Когда Роден, просмотрев последние пятьсот банковых билетов по тысяче франков, передал их еврею со словами: «Так, итог совершенно верен: двести двенадцать миллионов сто семьдесят пять тысяч», ему, вероятно, от радости и счастья сделалось так дурно, что он лишился дыхания, закрыл глаза и вынужден был опереться на любезного
— Странно… Я считал себя сильнее… со мною происходит что-то странное.
И страшная бледность иезуита так увеличилась, его охватила такая конвульсивная дрожь, что отец Кабочини воскликнул, стараясь поддержать его:
— Отец мой… придите в себя… Не надо, чтобы опьянение успехом так волновало вас…
Пока маленький аббат ухаживал за Роденом, Самюэль укладывал деньги в железную шкатулку. Роден, благодаря своей страшной энергии и сознанию триумфа, скоро преодолел слабость и, снова спокойный и гордый, заметил отцу Кабочини:
— Ничего… если я не захотел умереть от холеры, так уж, конечно, не для того, чтобы умереть от радости первого июня.
И действительно, лицо иезуита, хотя и было мертвенно-бледное, но сияло гордостью и торжеством.
Когда отец Кабочини увидал, что Роден вполне оправился, он сам точно преобразился. Несмотря на то что он был маленький, толстенький, кривой человек, черты его лица, только что смеющиеся, приняли вдруг столь жестокое, надменное и властное выражение, что Роден, глядя на него, невольно отступил.
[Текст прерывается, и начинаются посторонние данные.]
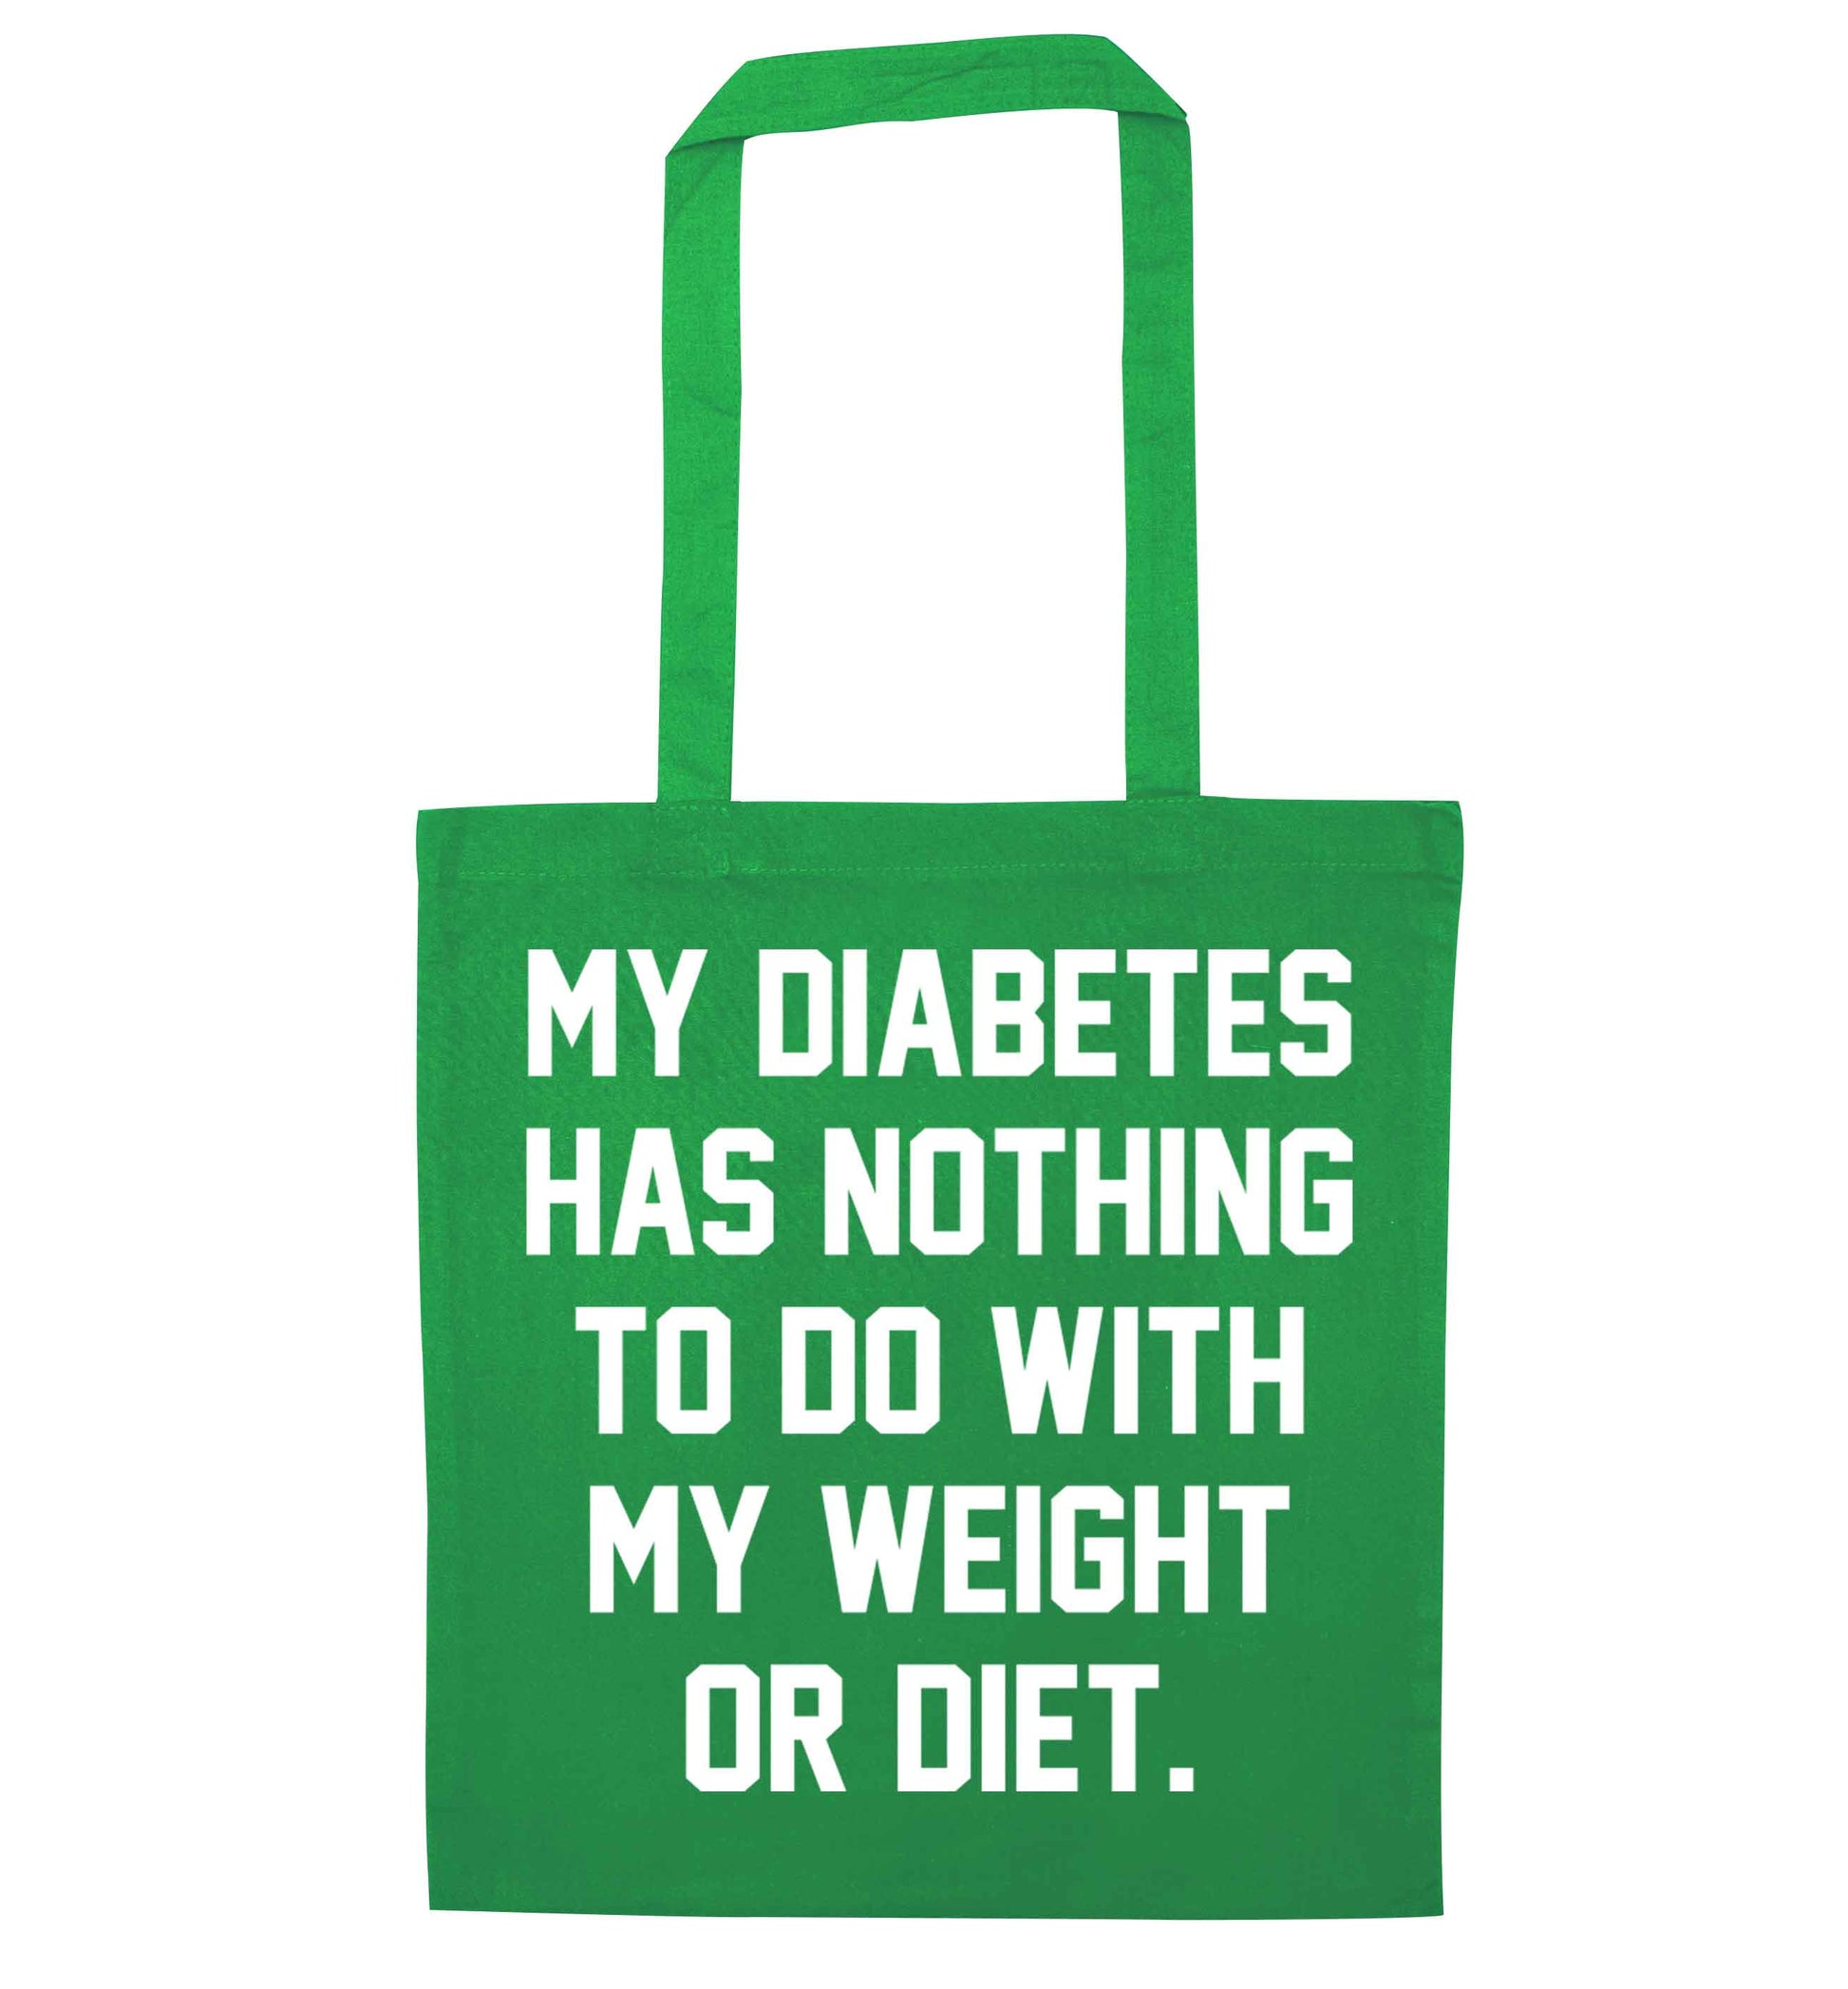 My diabetes has nothing to do with my weight or diet green tote bag

Тогда отец Кабочини, вынув из кармана бумагу, почтительно ее поцеловал и, бросив строгий взгляд на Родена, звонким, грозным голосом прочел:
«По получении сего предписания преподобный отец Роден передаст свои полномочия преподобному отцу Кабочини, который вместе с отцом д'Эгриньи примет наследство Реннепонов, если Господу, по Его вечному правосудию, угодно будет, чтобы это имущество, некогда похищенное у нашего ордена, было возвращено нам. Далее отец Роден будет отвезен под присмотром одного из наших преподобных отцов, по выбору отца Кабочини, в дом ордена в городе Лаваль, где и будет содержаться в одиночном заключении впредь до нового приказания».
Отец Кабочини, окончив чтение, протянул бумагу Родену, чтобы тот мог удостовериться в подписи генерала ордена.
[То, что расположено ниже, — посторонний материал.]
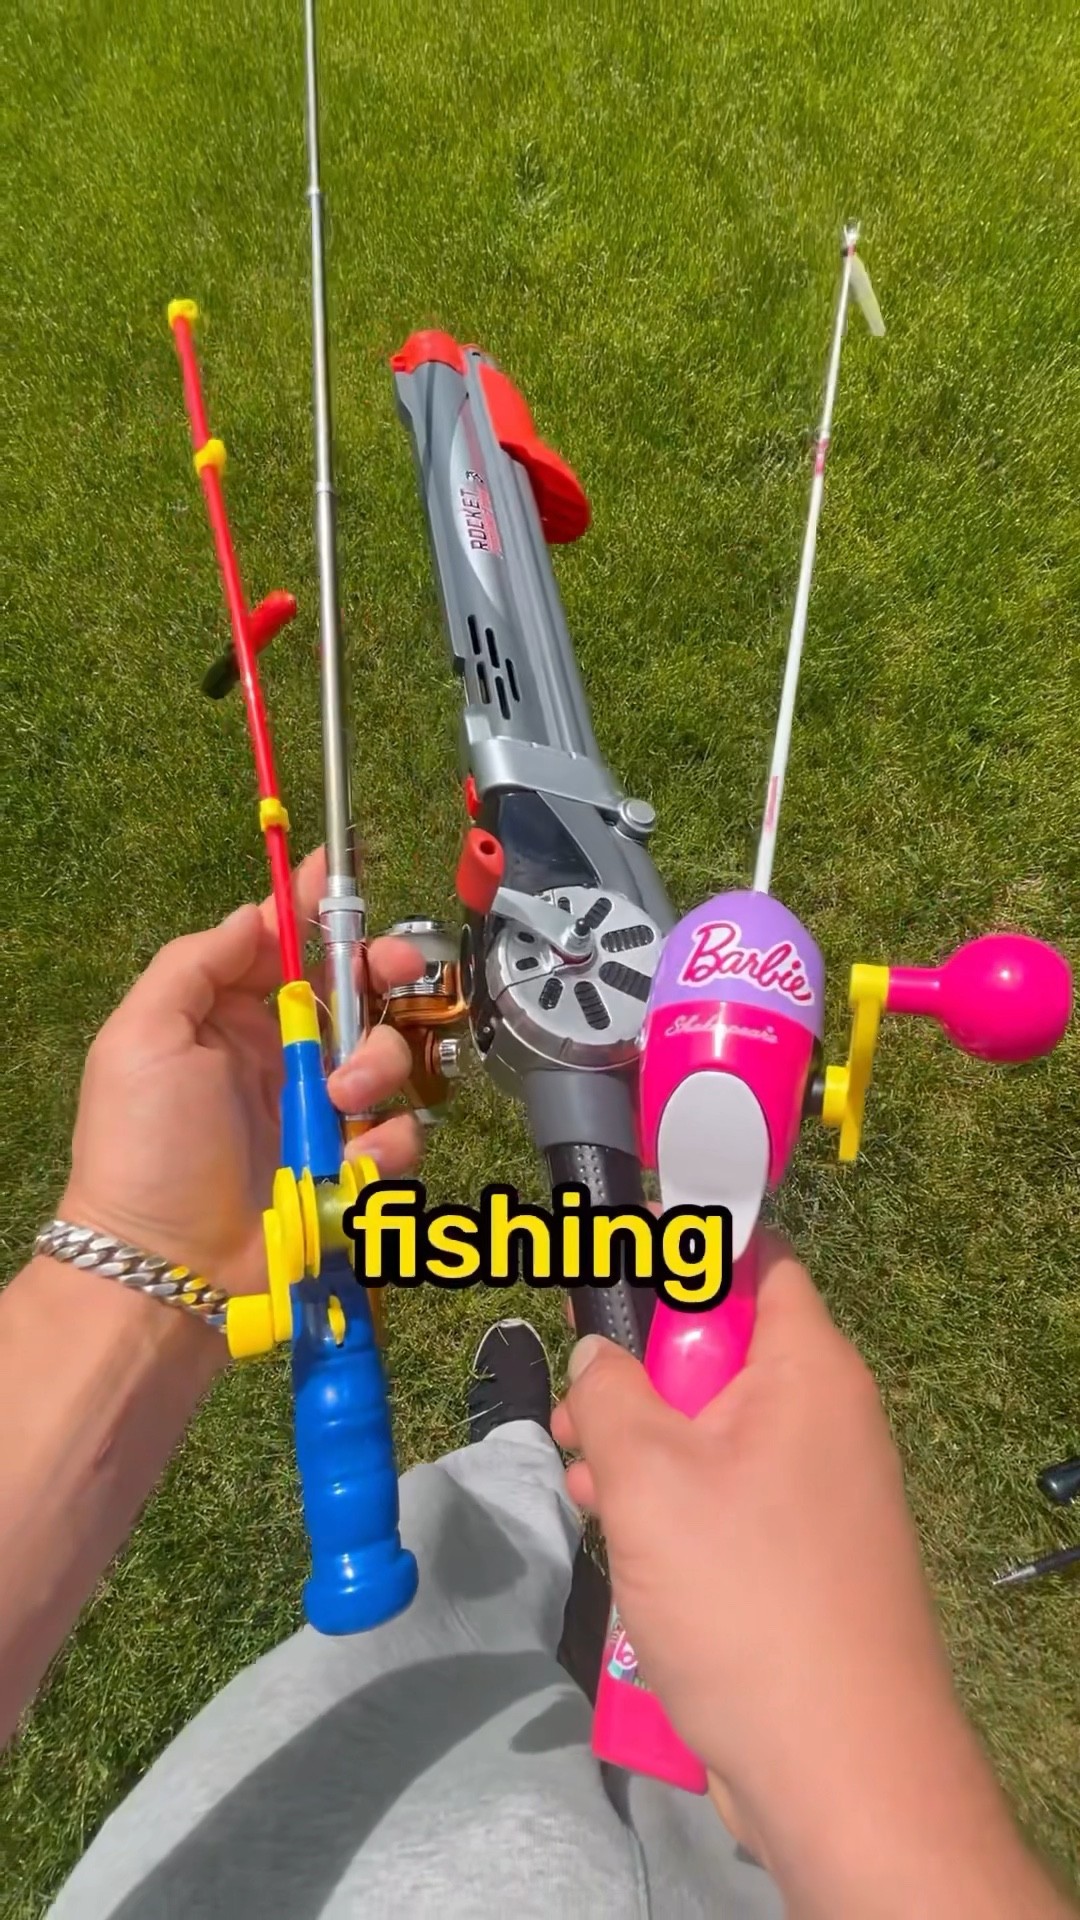 Try this INSANE URBAN FISHING TRICK!! (IT WORKS)

Самюэль, заинтересованный этой сценой, оставил шкатулку полуоткрытой и приблизился к иезуитам.
Вдруг Роден разразился мрачным хохотом; радость и торжество звучали в этом смехе, передать выражение которого невозможно. Отец Кабочини смотрел на него с гневным изумлением. Между тем Роден, выпрямившись во весь рост, с высокомерным, гордым и властным видом оттолкнул своей грязной рукой бумагу, которую ему протягивал отец Кабочини, и спросил:
— Каким числом помечено это предписание?
— Одиннадцатым мая, — ответил отец Кабочини.
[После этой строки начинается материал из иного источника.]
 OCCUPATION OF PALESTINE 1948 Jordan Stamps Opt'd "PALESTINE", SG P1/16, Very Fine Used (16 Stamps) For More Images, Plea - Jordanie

— Ну… а вот грамота, которую я получил сегодня ночью из Рима, Она от восемнадцатого мая… Я назначаюсь генералом ордена!
Отец Кабочини совершенно растерялся; он смиренно сложил предписание и преклонил колена перед Роденом.
Итак, первый шаг на честолюбивом пути, намеченном Роденом, был сделан. Несмотря на недоверие, злобу и зависть партии кардинала Малипьери, интриговавшего против него, Роден добился назначения генералом ордена. При этом ему сослужили большую службу его ловкость, хитрость,
Безмолвный свидетель этой сцены, Самюэль, улыбнулся. Улыбку эту можно было назвать торжествующей. Он запер шкатулку секретным, одному ему известным замком.
Этот металлический звук вернул Родена с высот его честолюбия к действительности, и он отрывисто сказал Самюэлю:
— Вы слышали? Эти миллионы мои… и только мои!
И он протянул алчные руки к железной шкатулке, как бы желая захватить ее, не дожидаясь прихода нотариуса. Но теперь преобразился и Самюэль. Он скрестил на груди руки, выпрямил сгорбленную фигуру, глаза его метали молнии. Еврей имел в эту минуту величественный и грозный вид, и его голос звучал торжественно, когда он воскликнул:
— Это наследство, образовавшееся из остатков состояния благородного человека, доведенного до самоубийства сыновьями Лойолы… это богатство, приобретшее размеры королевской казны благодаря безукоризненной честности трех поколений верных слуг этого дома… не будет наградой лжи… лицемерия… убийства! Нет… нет Бог в своей вечной справедливости не захочет этого!..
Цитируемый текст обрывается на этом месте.